Task 1: Reflection

For Data Viz Challenge 7, I picked a dataset about Data Science Salaries. I chose this because I want to eventually work in the Data Science field. I am interested to see what the potential salary would be if I did. For the interactive plot, I chose to create a boxplot showing the salary based on experience level. When you hover, you can see the exact position title. For the other two graphs, I chose to go for something simpler. I created a ridgeline plot to show the density of salary based on employment status. I also created a stacked bar chart showing the remote ratio depending on the company size. Overall, I think this was an interesting dataset to look into. The flexdash board was a bit confusing to navigate at first, but I think it was a good skill to practice as it is a cool tool to now know.

Task 2: Interactive plots

library(tidyverse)
library(scales)
library(plotly)

# Load data here
salary <- read_csv("C:/Users/calkz/OneDrive/Documents/A_ISTA320/DVChallenge7/data/DataScience_salaries_2024.csv")
salary

This dataset is found on Kaggle created by Yusuf Delikkaya. This dataset includes information on the year, experience level (Junior, Mid-Level, Senior, Expert), employment type (Full-Time, Part-Time, Contract), job title, salary, residence, remote ratio, location, company size (small, medium, large)

Do the following:

  1. Make a plot. Any kind of plot will do (though it might be easiest to work with geom_point()).

  2. Make the plot interactive with ggplotly().

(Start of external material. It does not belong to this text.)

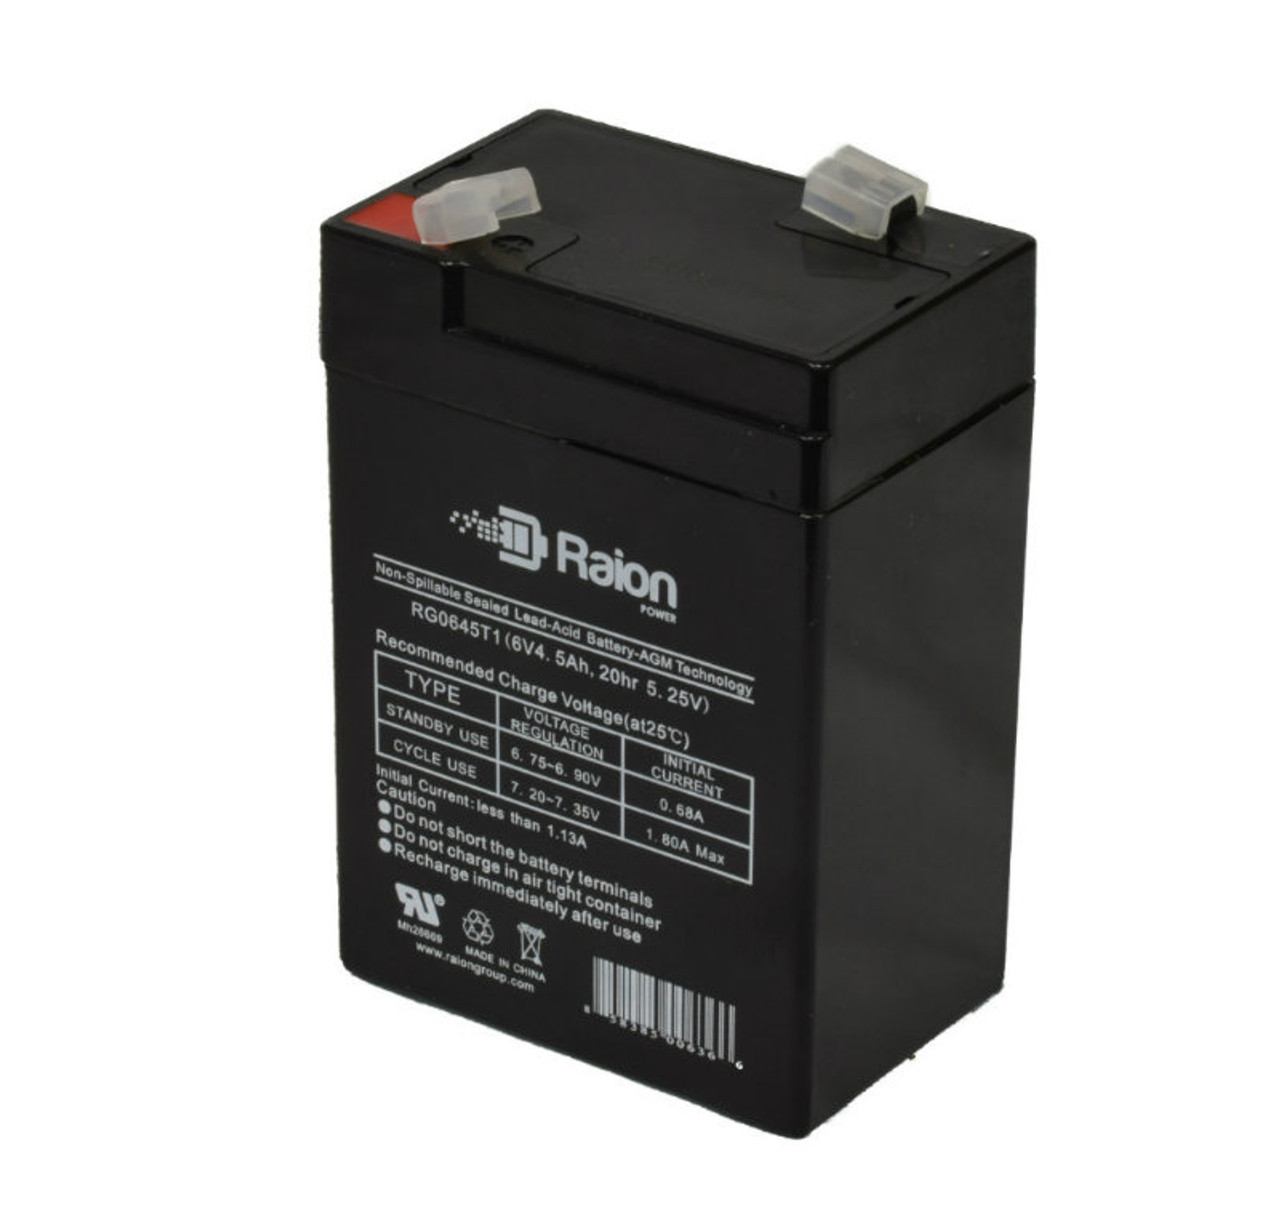 Raion Power RG0645T1 6V 4.5Ah Replacement Battery Cartridge for Wonderlanes 2860 Lil ATV Quad

  3. Make sure the hovering tooltip is more informative than the default.

Good luck and have fun!

p <- ggplot(salary, aes(x = experience_level, y = salary_in_usd)) + 
  geom_boxplot() + 
  geom_jitter(color = 'black', size = 0.6, alpha = 0.4) +
  labs(title = 'Salary based on Experience Level', x = 'Experience Level', subtitle = 'Data Science Positions', y = 'Salary (in USD)') + 
  scale_y_continuous(labels = comma) + theme_minimal()

p

Upon creating this first version of the plot, there are way too many points. It’s a bit noisy so I will be using data strictly from 2024, and those who are full-time employees.

salary_2024 <- salary %>%
  filter(work_year == '2024') %>%
  filter(employment_type == 'FT') 
salary_2024
p_2024 <- ggplot(salary_2024, aes(x = experience_level, y = salary_in_usd, text = paste('Job Title:', job_title))) + 
  geom_boxplot() + 
  geom_jitter(size = 0.8, alpha = 0.4) + 
  labs(title = 'Salary based on Experience Level', x = 'Experience Level', subtitle = 'Data Science Positions in 2024', y = 'Salary (in USD)') + 
  scale_y_continuous(labels = comma) + theme_minimal()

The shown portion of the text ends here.